PROMPT
Under this line is some data; print exactly the lines from the one containing "tissue(20sheet×2ea) (20 sheet)" through its last line, without pictures.

SUPPLIED MATERIAL
*** Block opens ***

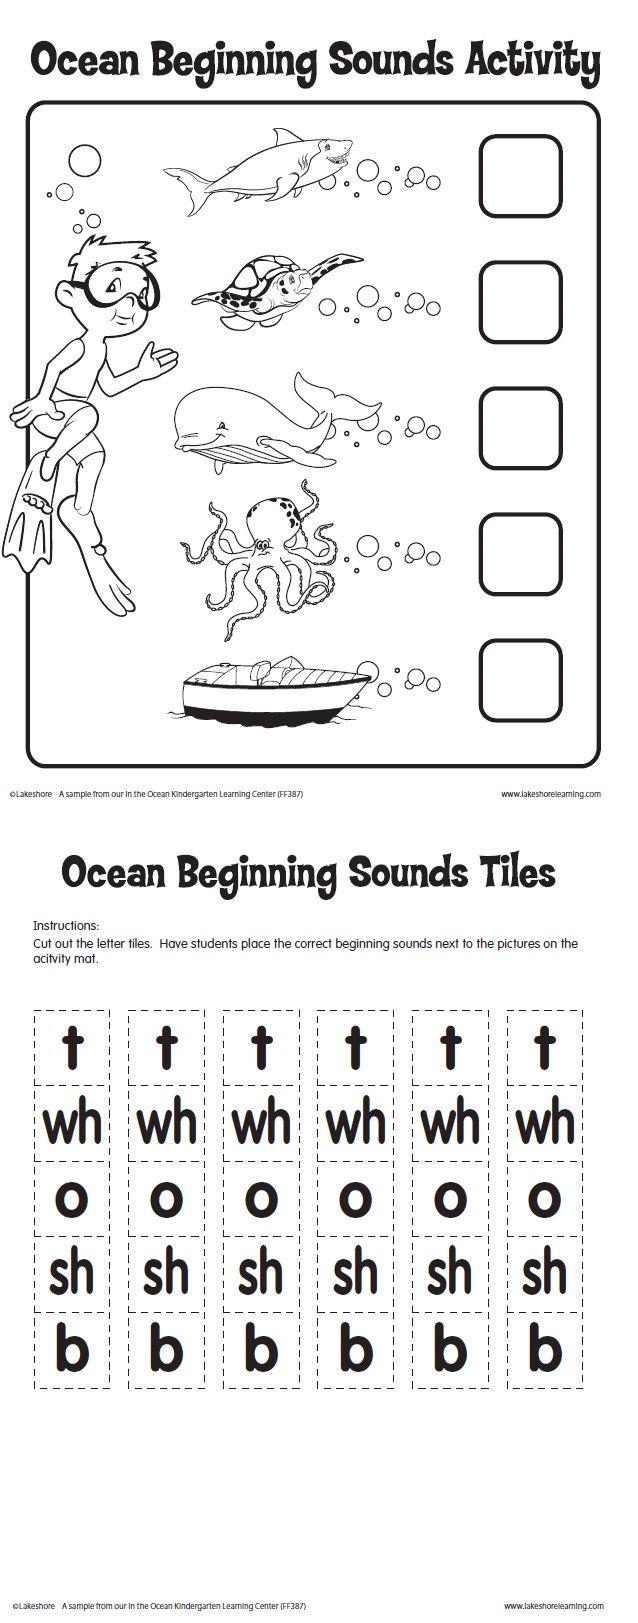 Ocean Beginning Sounds Activity Printable From Lakeshore Learning Kindergarten Ocean Activities Preschool Ocean Unit Kindergarten Preschool Alphabet Fun [ 1623 x 638 Pixel ]
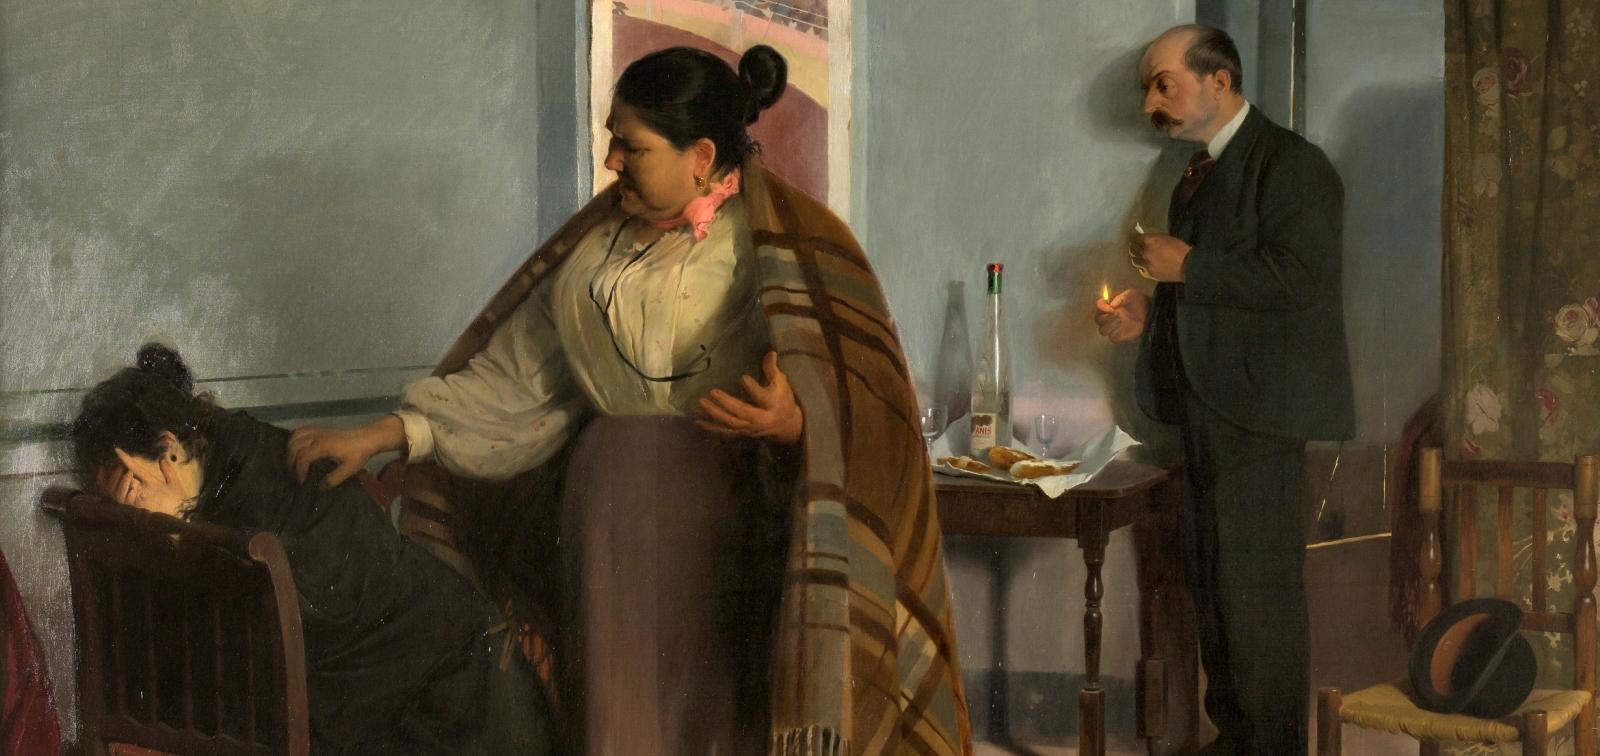 Pintar mancebías entre la Modernidad y la Vanguardia
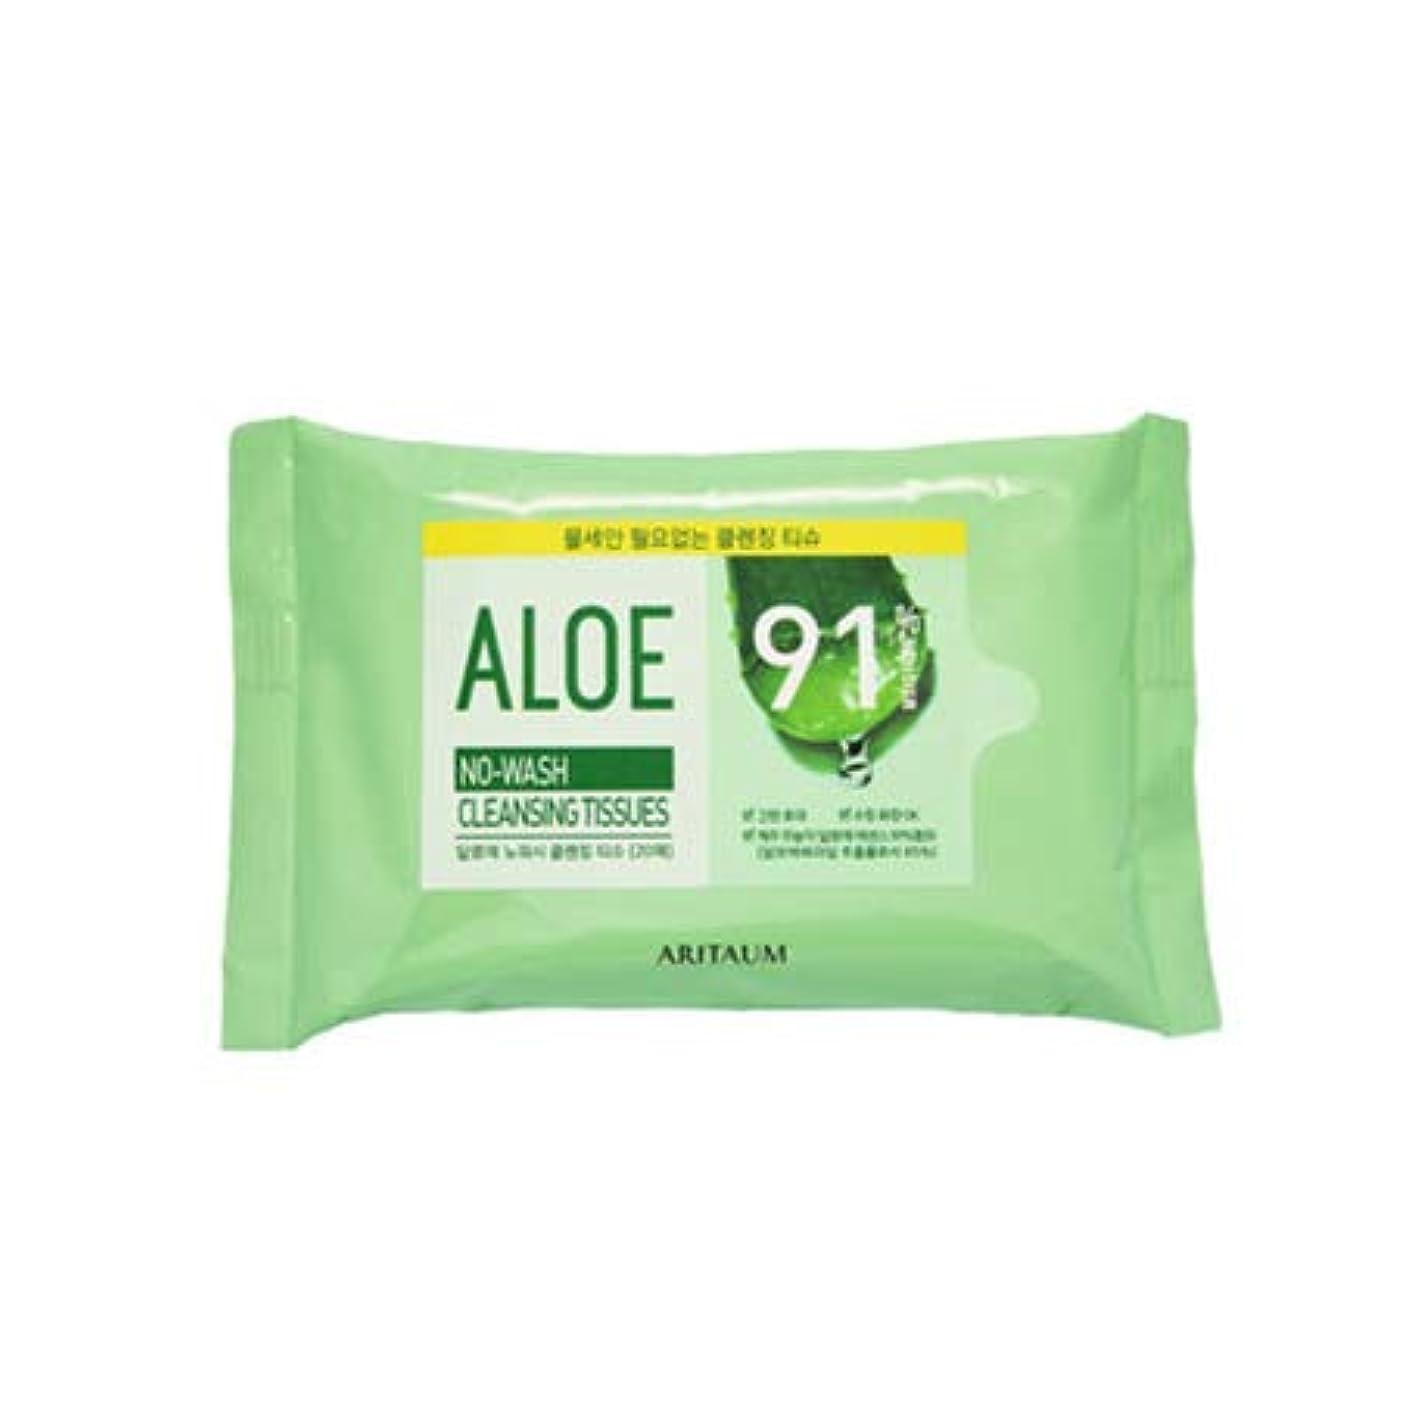 乱す親指午後【アリタウム.aritaum]アロエノーウォッシュクレンジングティッシュ20枚(2019.07 new)×2ea/ aloe no wash cleansing tissue(20sheet×2ea) (20 sheet)
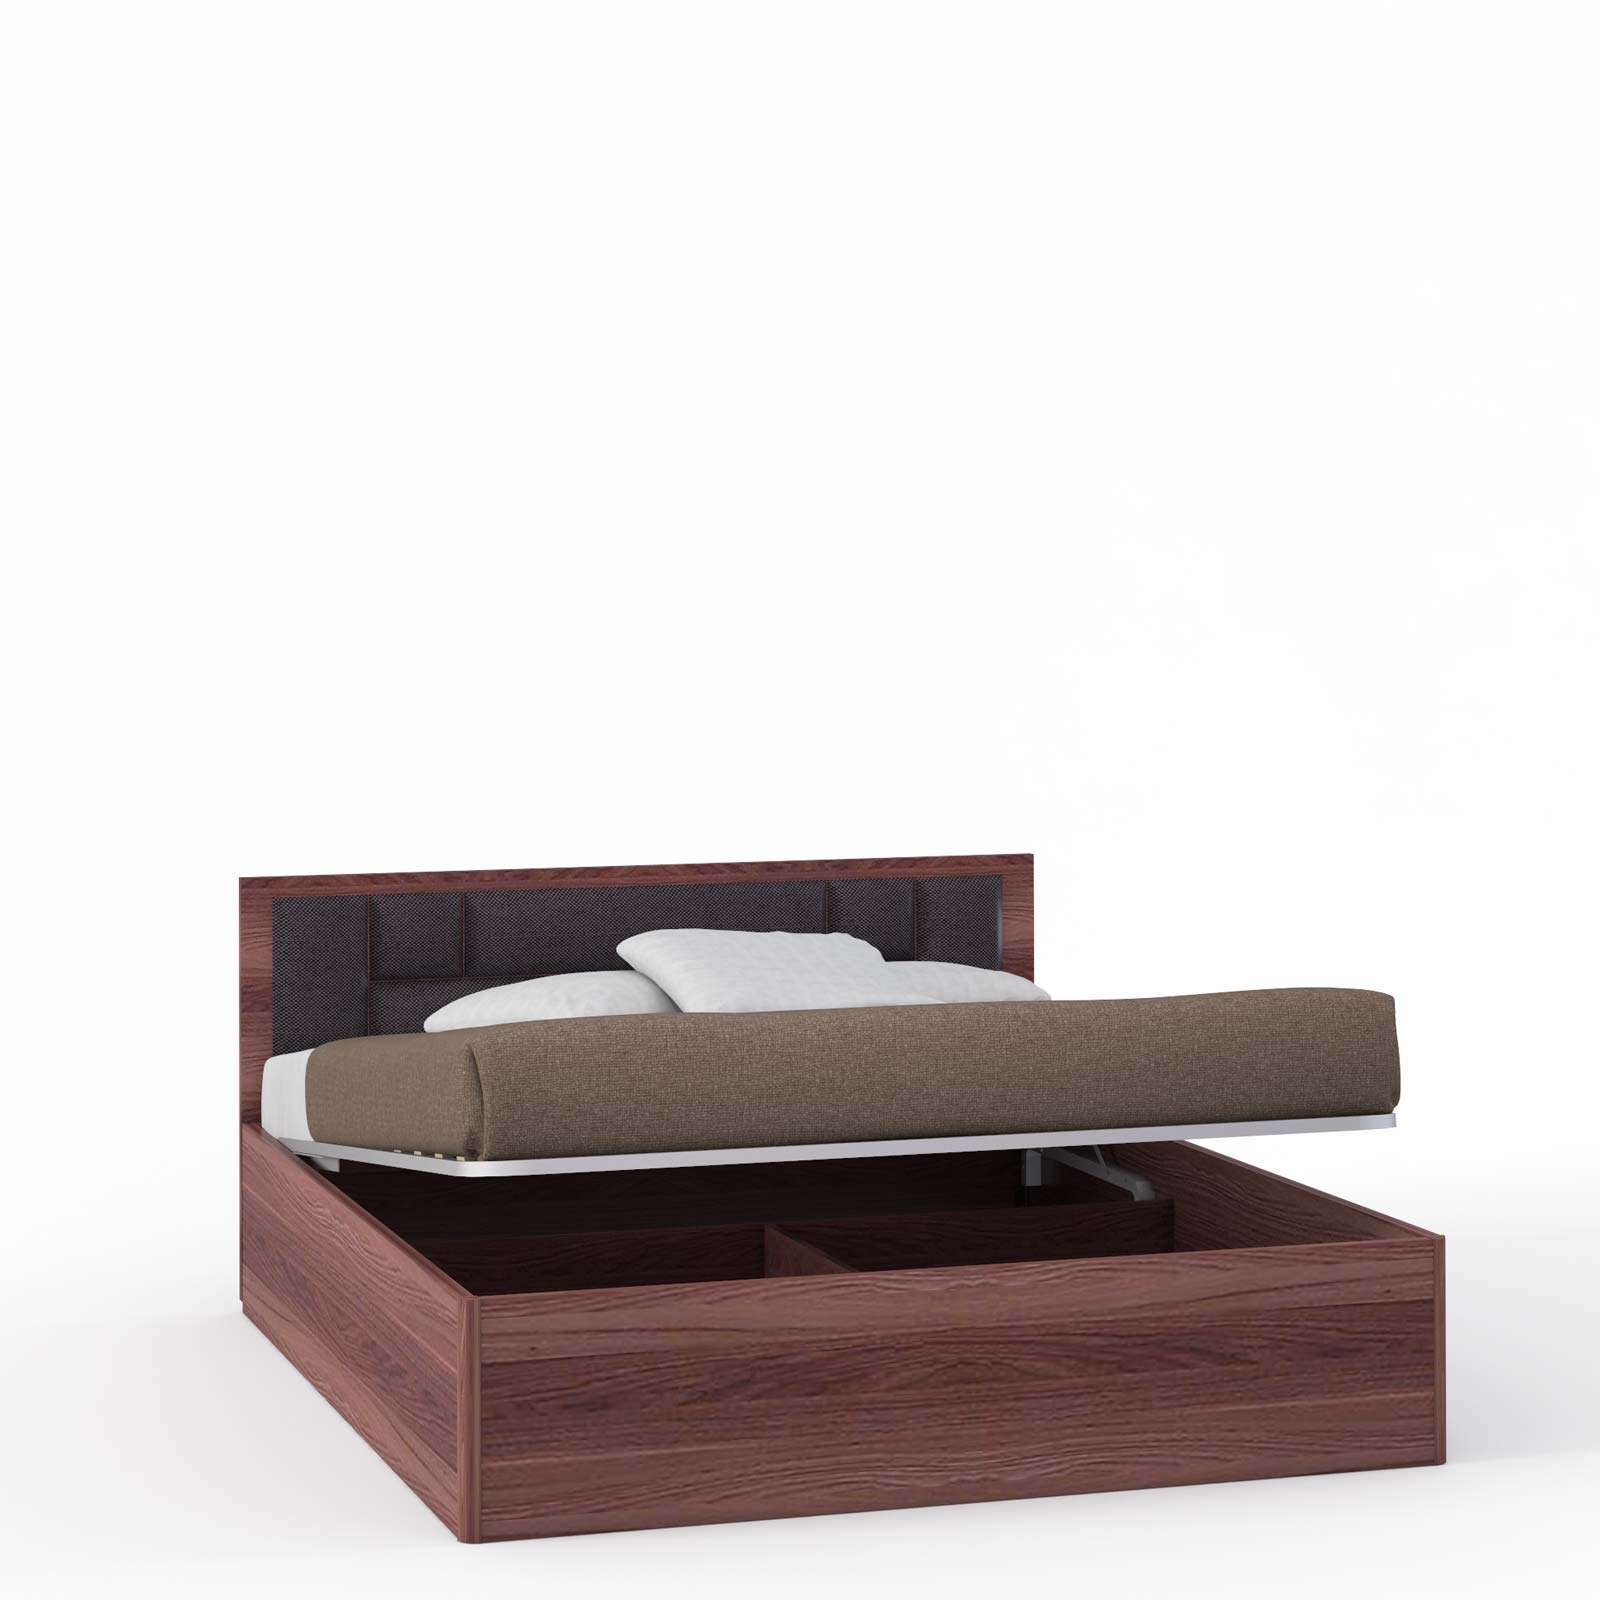 Спальня Rimini Choco Кровать 2 сп. с п/м, мягк.изг.шоко (1800) - 5439

*** Block closes ***

ANSWER BELOW
 乱す親指午後【アリタウム.aritaum]アロエノーウォッシュクレンジングティッシュ20枚(2019.07 new)×2ea/ aloe no wash cleansing tissue(20sheet×2ea) (20 sheet)
 Спальня Rimini Choco Кровать 2 сп. с п/м, мягк.изг.шоко (1800) - 5439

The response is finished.